However, sodium acetate displays a different behavior:

enter image description here

https://en.wikipedia.org/wiki/Sodium_acetate

Sometimes different hydration stages of compounds have different temperature ranges of stability and solubility, but the behavior of sodium acetate is unique. The precipitate that forms so impressively upon cooling is probably the trihydrate, because the amount of sodium acetate in solution according to the recipe does not seem (in my quick estimate) to exceed the solubility of the anhydrous compound, and so the solution produced might be metastable. For some length of time. But, we may be able to initiate crystallization by scratching the glass container, or stirring it, or allowing a drop to dry completely to produce some solid, then using that as a seed for the rest of the solution.
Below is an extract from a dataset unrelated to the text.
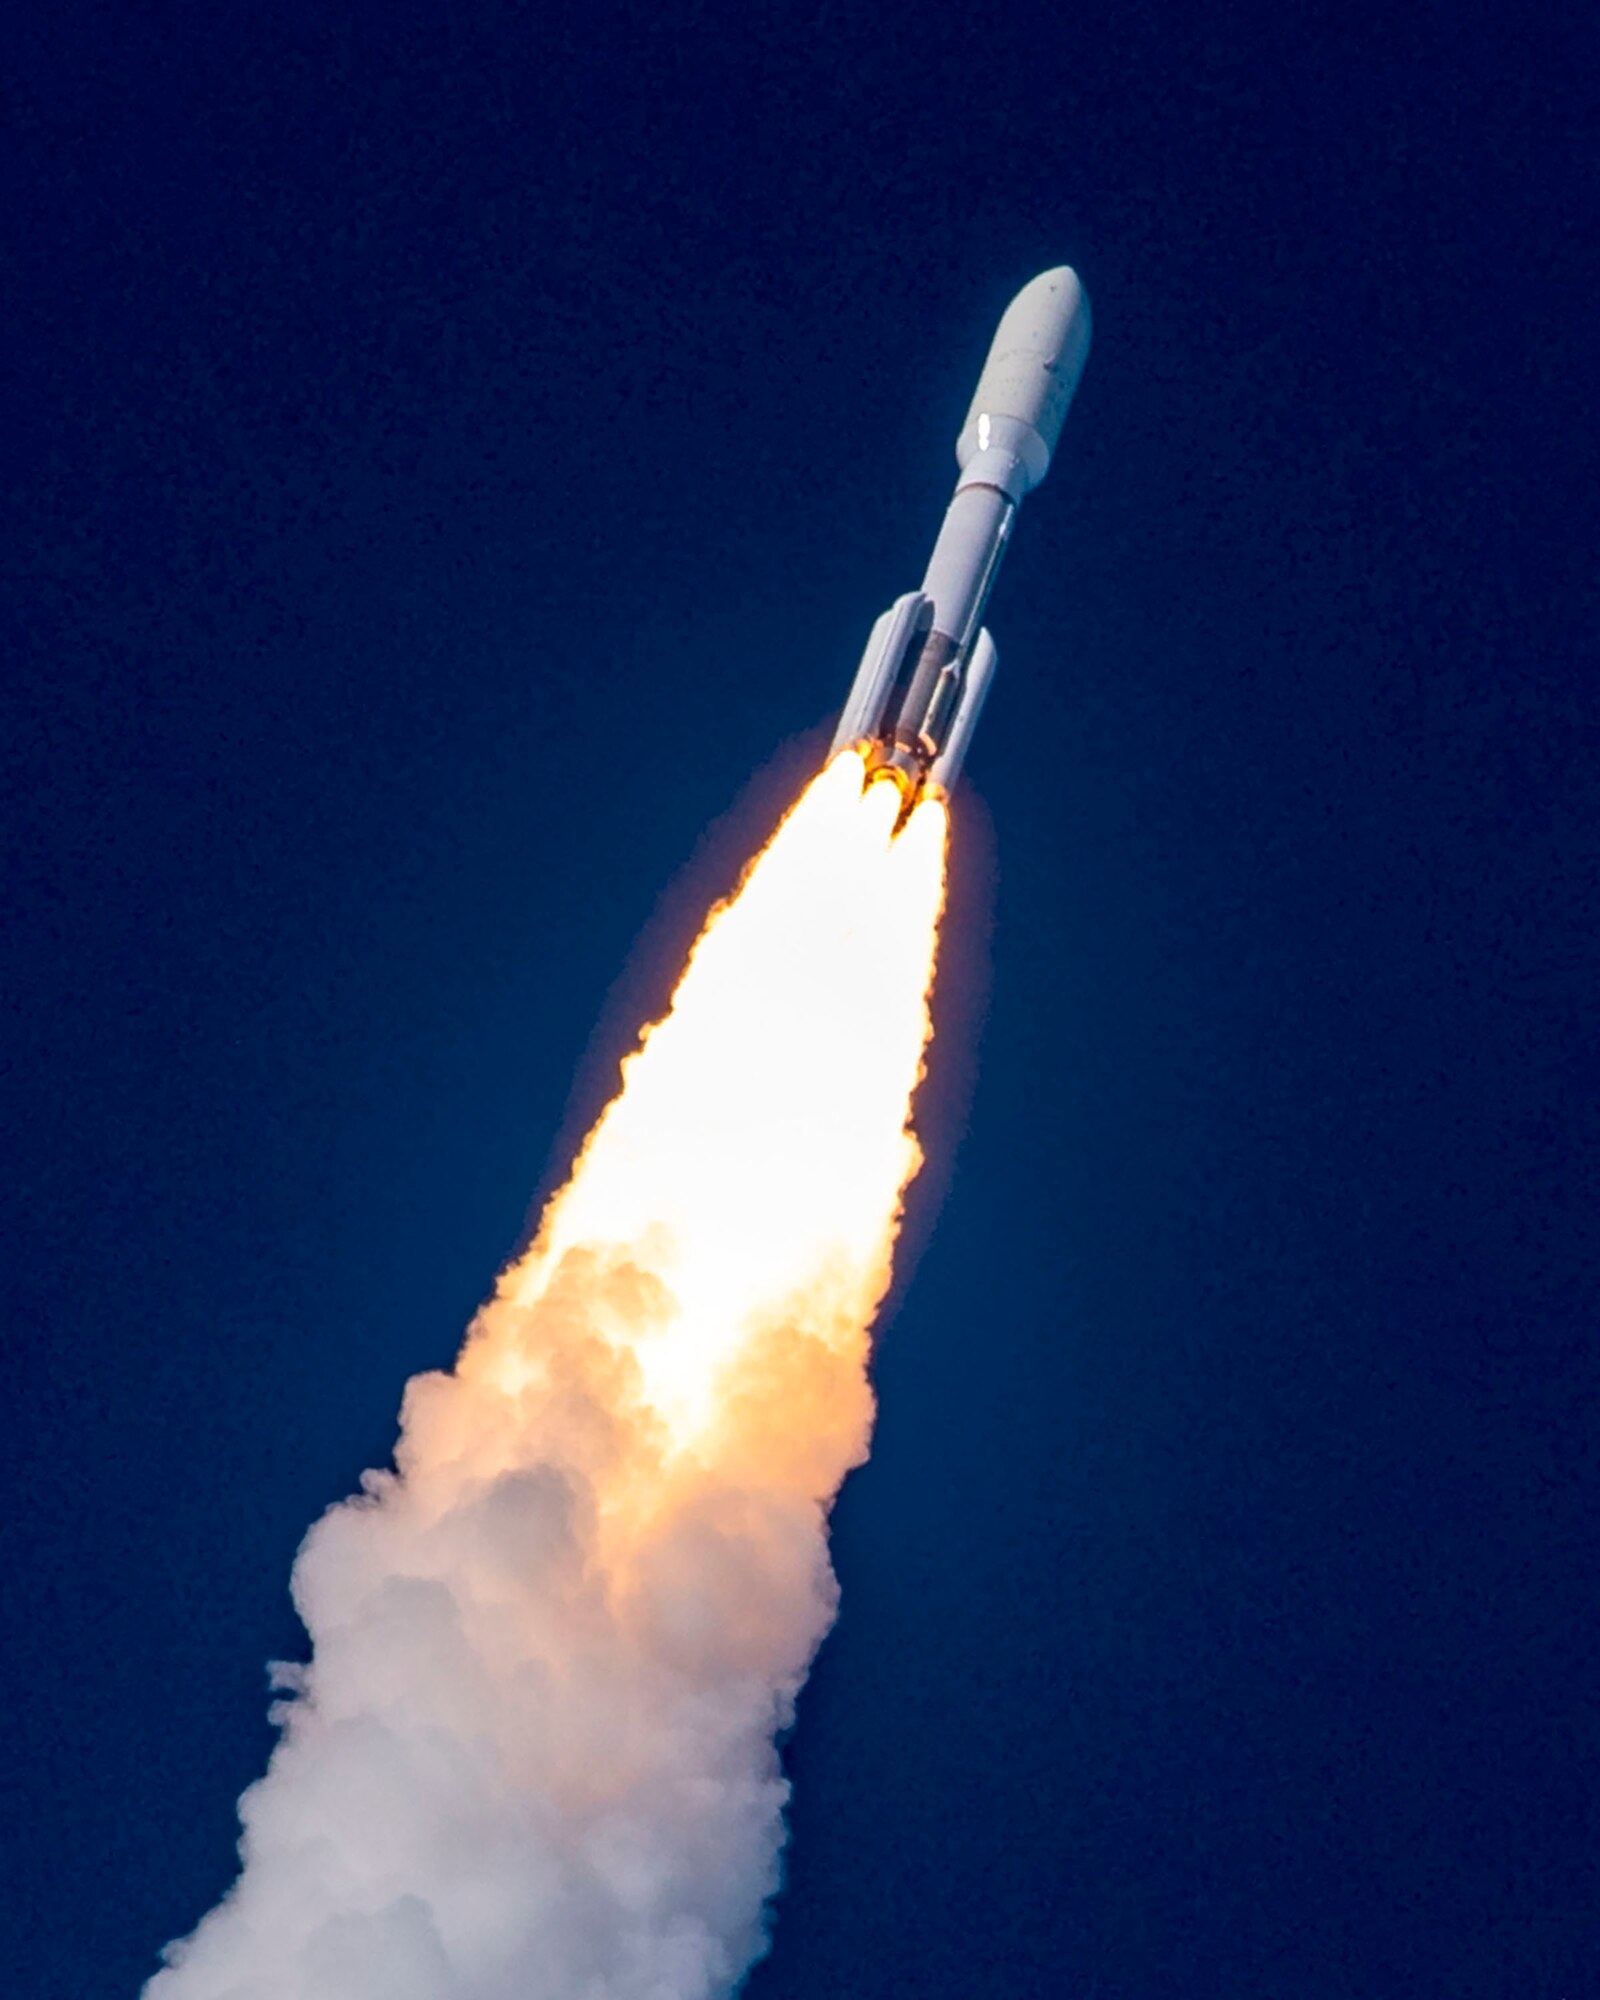 AEHF-6 Launch

Or freezing it.

What I have done is to heat some (pure) sodium acetate to form a concentrated solution (calculated to be supersaturated at room temp), then cooled it: no ppt. Then I touched the surface of the solution with my fingertip and BOOM! Crystallization proceeded like a shot, producing a mass of crystals that filled the container and solidified the former liquid mass. (Did I say it was supersaturated?) I was surprised at the mass of crystals compared to the amount of material I had added to the water at the beginning, but did not think about it till now.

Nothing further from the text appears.